Те, кто поскромнее, от компаний уклоняются. При встрече они ограничиваются приветствием. За все время моих купаний из этого правила было одно исключение. Одна из дам, приметив мое плавание на стремнине, спросила, не боюсь ли я водоворота. У женщины были правильные восточные черты лица – результат добавленной толики кавказской крови, стесняющиеся черные глаза, несколько золотых коронок среди ровных зубов. Загар не старил погрузневшую фигуру. Не новый коричневый купальник с желтыми цветами и открытый живот выдавали возраст – лет шестьдесят пять. Располагающую внешность портил невыразительный, уставший голос.

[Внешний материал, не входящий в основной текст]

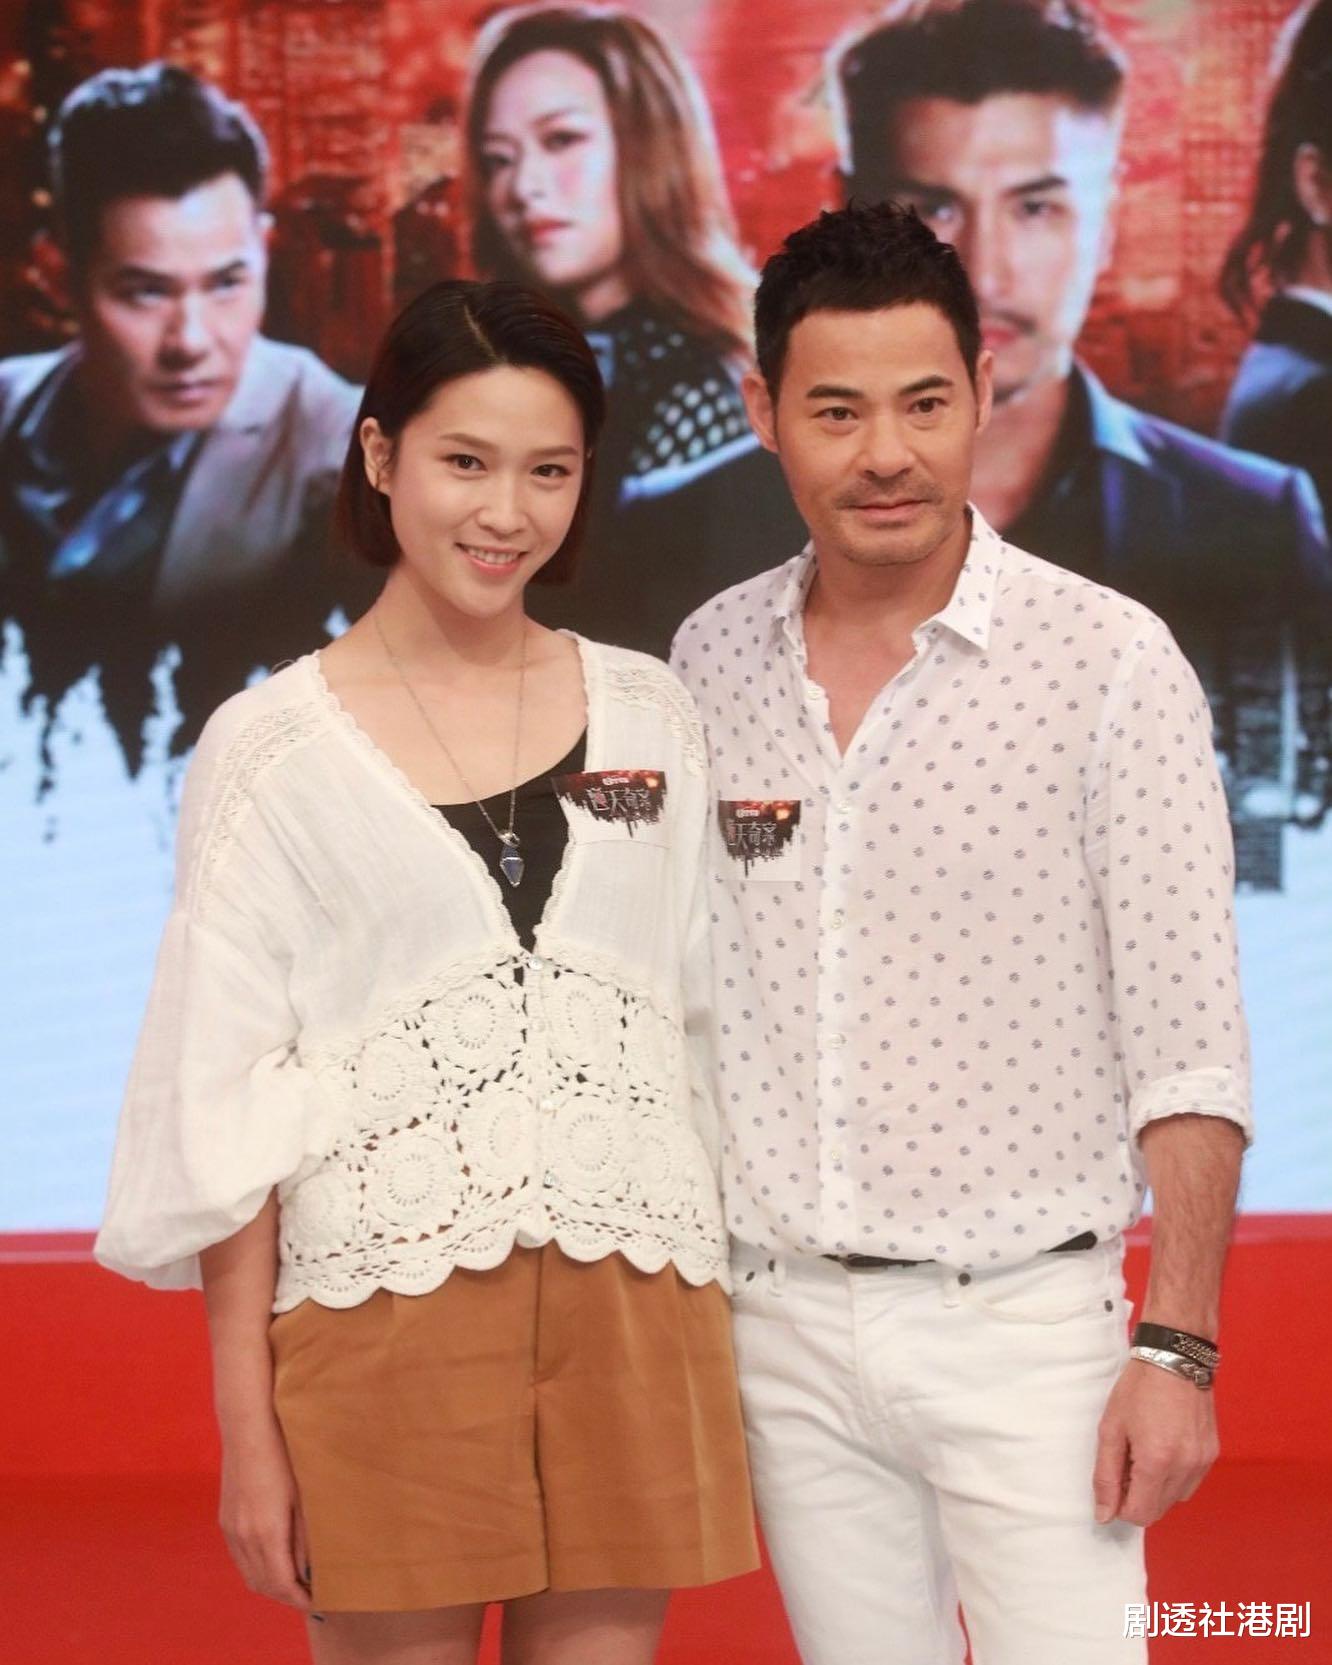 自曝從沒二人世界！36歲女演員愛情至上21歲做繼母，出演TVB新劇被贊有氣質-圖4

Я ответил ей, что не боюсь, и вспомнил, как попал в этот небольшой водоворот в первый же день, когда меня вынесли к нему сильные струи воды, хозяйничающие на глубине. Безмятежное мое плавание по отмелям вдруг сменилось неясной тревогой, когда ноги перестали касаться дна, а тело захватило течение. Неожиданно быстро приблизился другой берег, у которого течение должно было завернуть, и я ждал, когда завернет, а оно все не заворачивало, несло дальше, - казалось, на бетонные плиты и камни под ними. Поддавшись инстинкту самосохранения, я начал было бороться с водой, но почти сразу понял, что она сильнее, и если продолжать барахтаться без нужного результата, то паника постепенно захватит клеточки мозга, отключая разум. Ровно в этот момент тело мое начало слабо закручивать, и будто открылись глаза. Я увидел трубу со сточной водой перед собой, пенный шлейф у берега, и потом еще дальше - новые береговые плиты и причал правительственного дома отдыха за забором. За ним - другой причал, с которого начинался мой заплыв, набережную стадиона, коттеджный поселок, речку до моста, оба берега Обливного острова. Все это я увидел одновременно, как панораму. И тут же, когда резко двинул ногами и руками, почувствовал висящее над водоворотом эхо паники людей, пытавшихся перебороть течение реки и оказавшихся на пределе безрассудно израсходованных сил. Эхо было столь слабым, что потом я решил, что оно мне почудилось, но в тот момент, несмотря на силы, которых во мне было много, я смутился. Это смущение вызвало в воображении картинку, которую я запомнил. Я увидел, как слабые отголоски чужого животного ужаса начали бы проникать в мое нутро, если бы я испугался. Как, проникая внутрь, они бы увеличивали испуг и ослабляли жизненную волю. И если бы я дальше подчинился страху, то даже невысокие гребешки волн, под которые легко подстраивался, стали бы для меня вдруг непреодолимыми, и я смог бы очень легко растерять свои силы, наглотаться воды, сбить дыхание и пропасть, как пропали утонувшие здесь люди…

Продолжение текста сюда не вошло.